Material provided: Begin
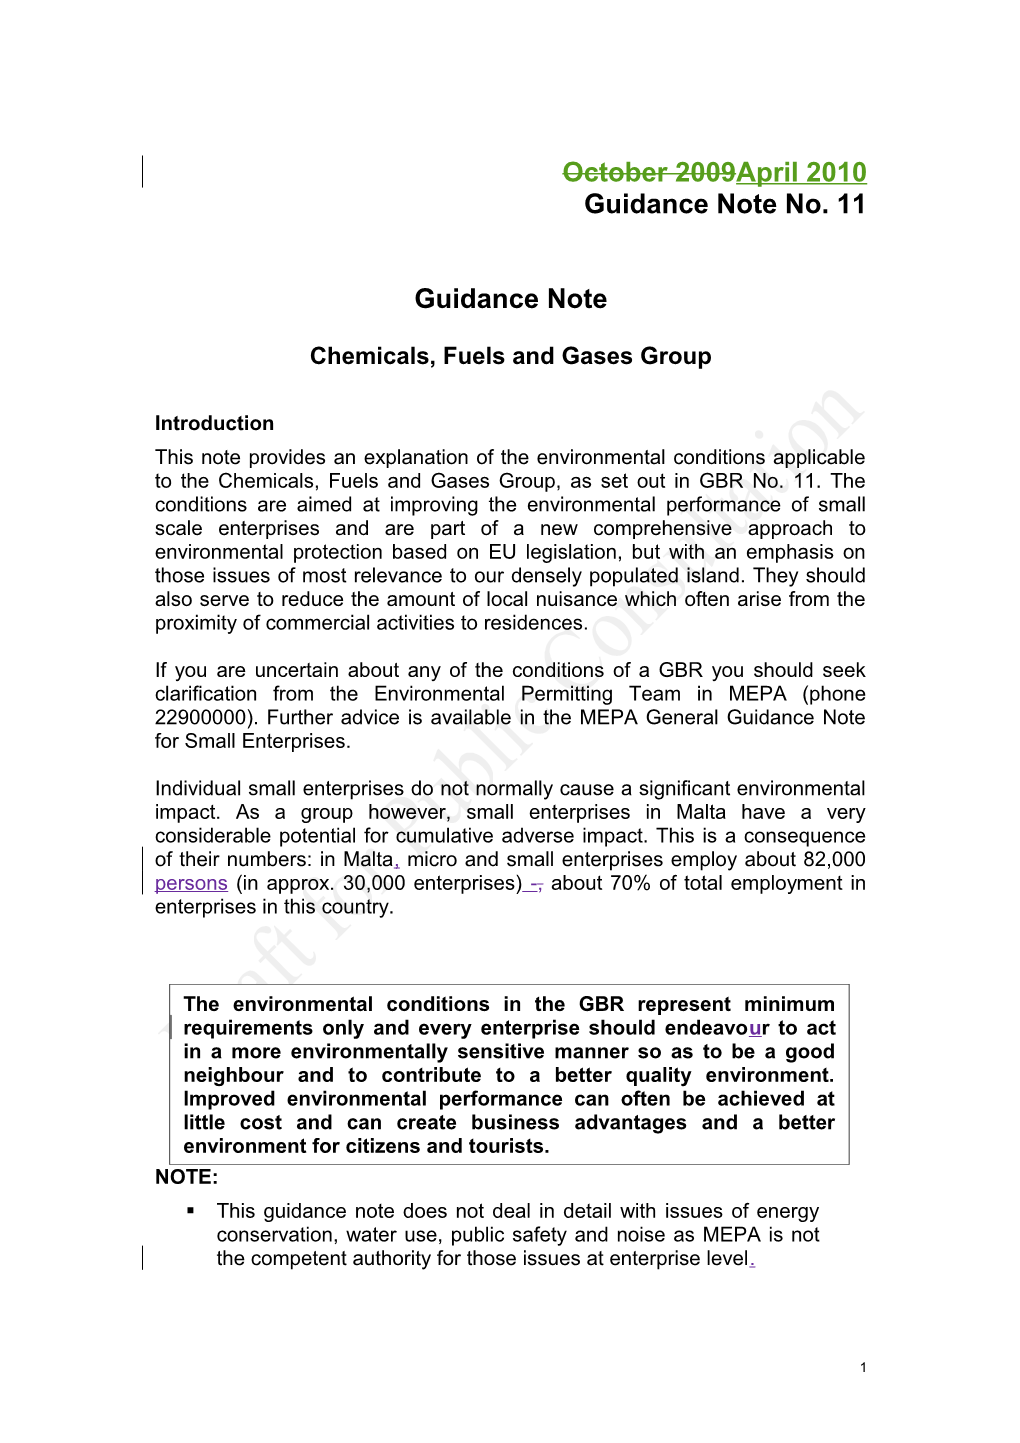 Guidance Note Chemicals
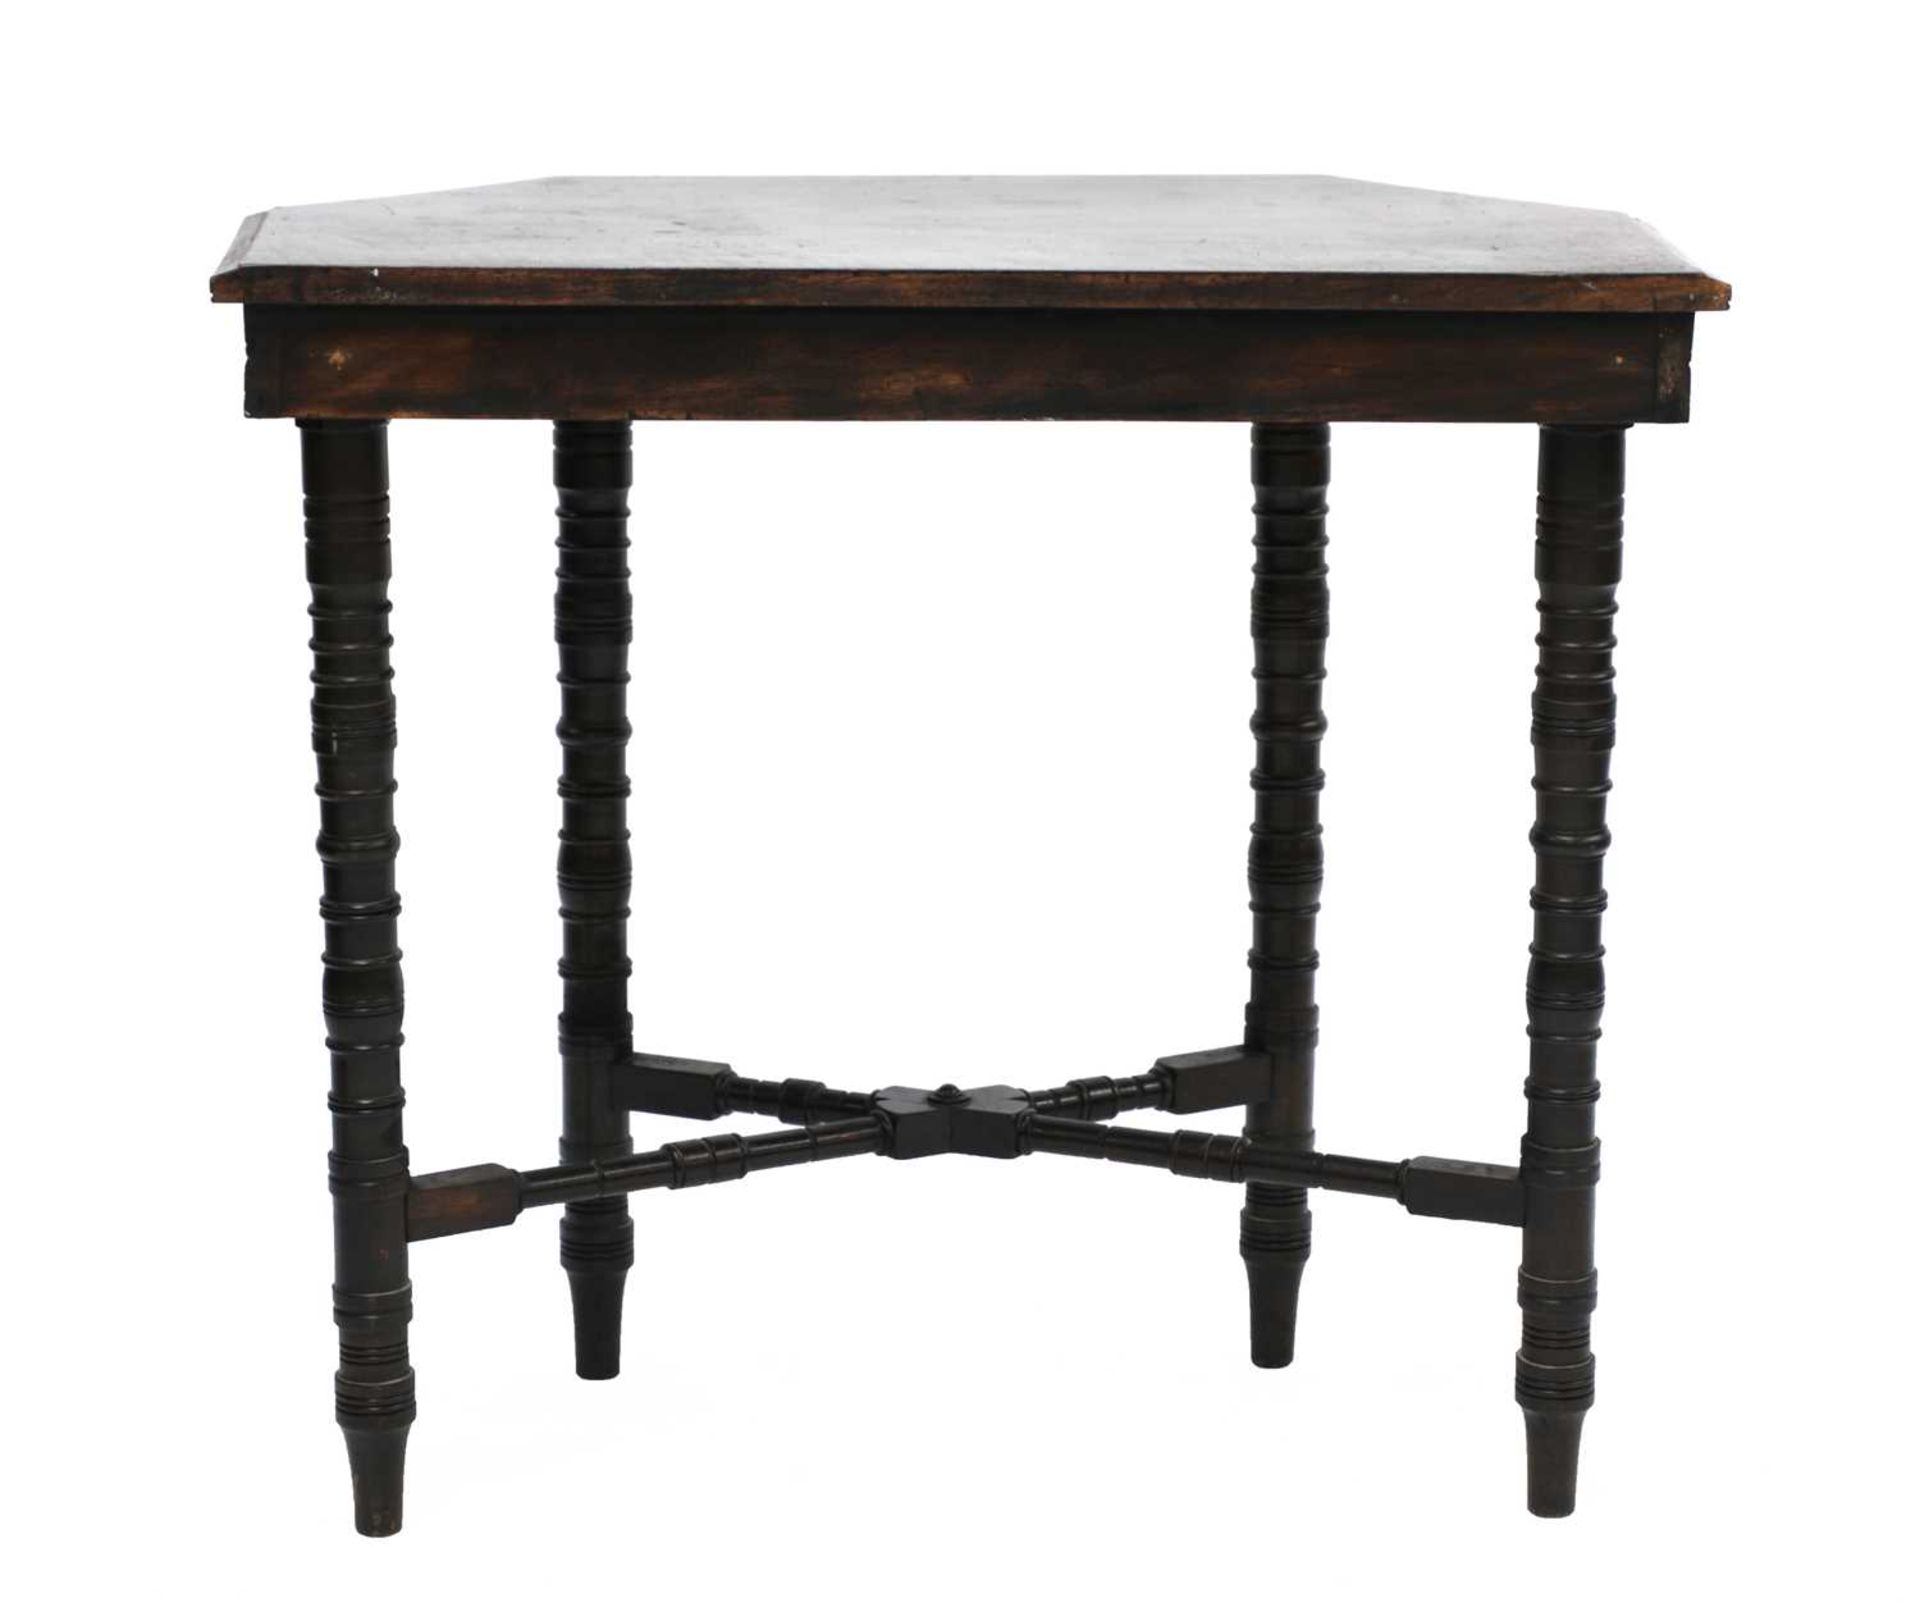 An Aesthetic ebonised side table, - Image 3 of 3
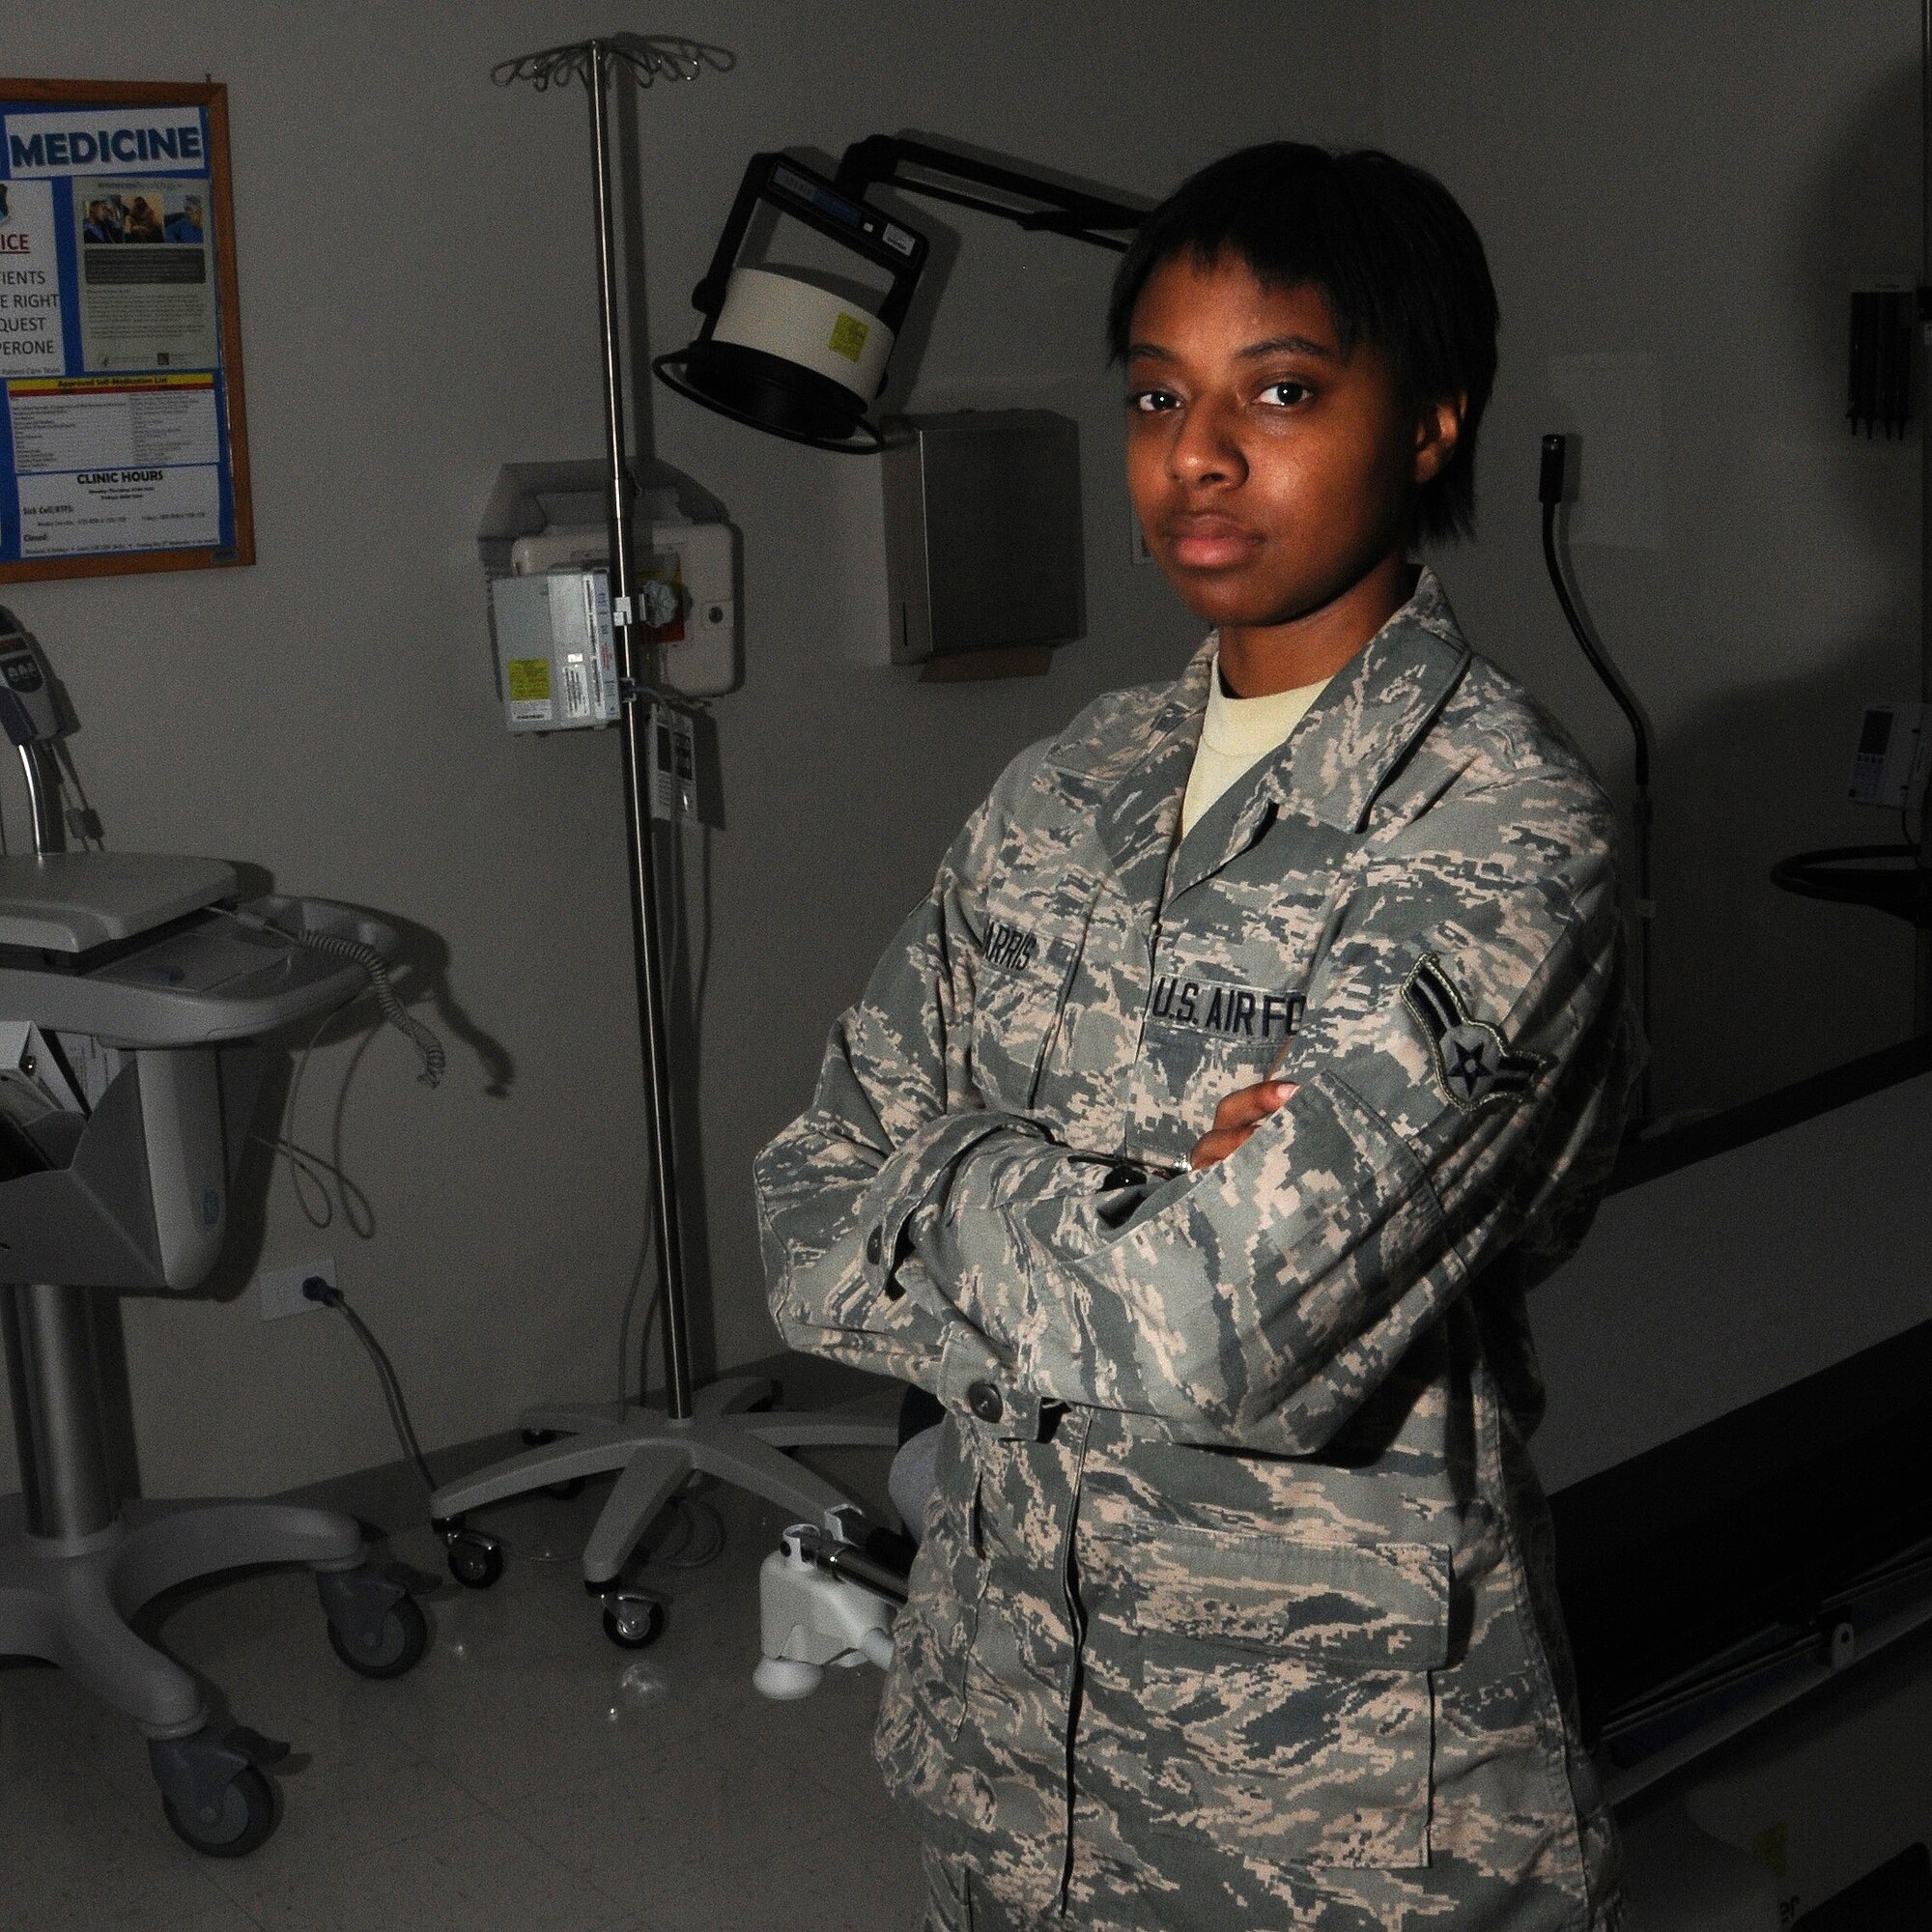 Airman 1st Class Ashli Harris, 47th Medical Group flight medicine technician, poses for a photo Aug. 21, 2014 at Laughlin Air Force Base. Harris came to the aid of a woman who was struck by a vehicle on Interstate 410 until an ambulance arrived to the scene. (U.S. Air Force photo by Airman 1st Class Ariel D. Delgado)(Released)
Material provided: End
## Exercise aim
Excluding the pictures, retype the line containing "An Aesthetic ebonised" and all lines after it down to the end of the data above.

## Solved problem
 An Aesthetic ebonised side table, - Image 3 of 3
 Airman 1st Class Ashli Harris, 47th Medical Group flight medicine technician, poses for a photo Aug. 21, 2014 at Laughlin Air Force Base. Harris came to the aid of a woman who was struck by a vehicle on Interstate 410 until an ambulance arrived to the scene. (U.S. Air Force photo by Airman 1st Class Ariel D. Delgado)(Released)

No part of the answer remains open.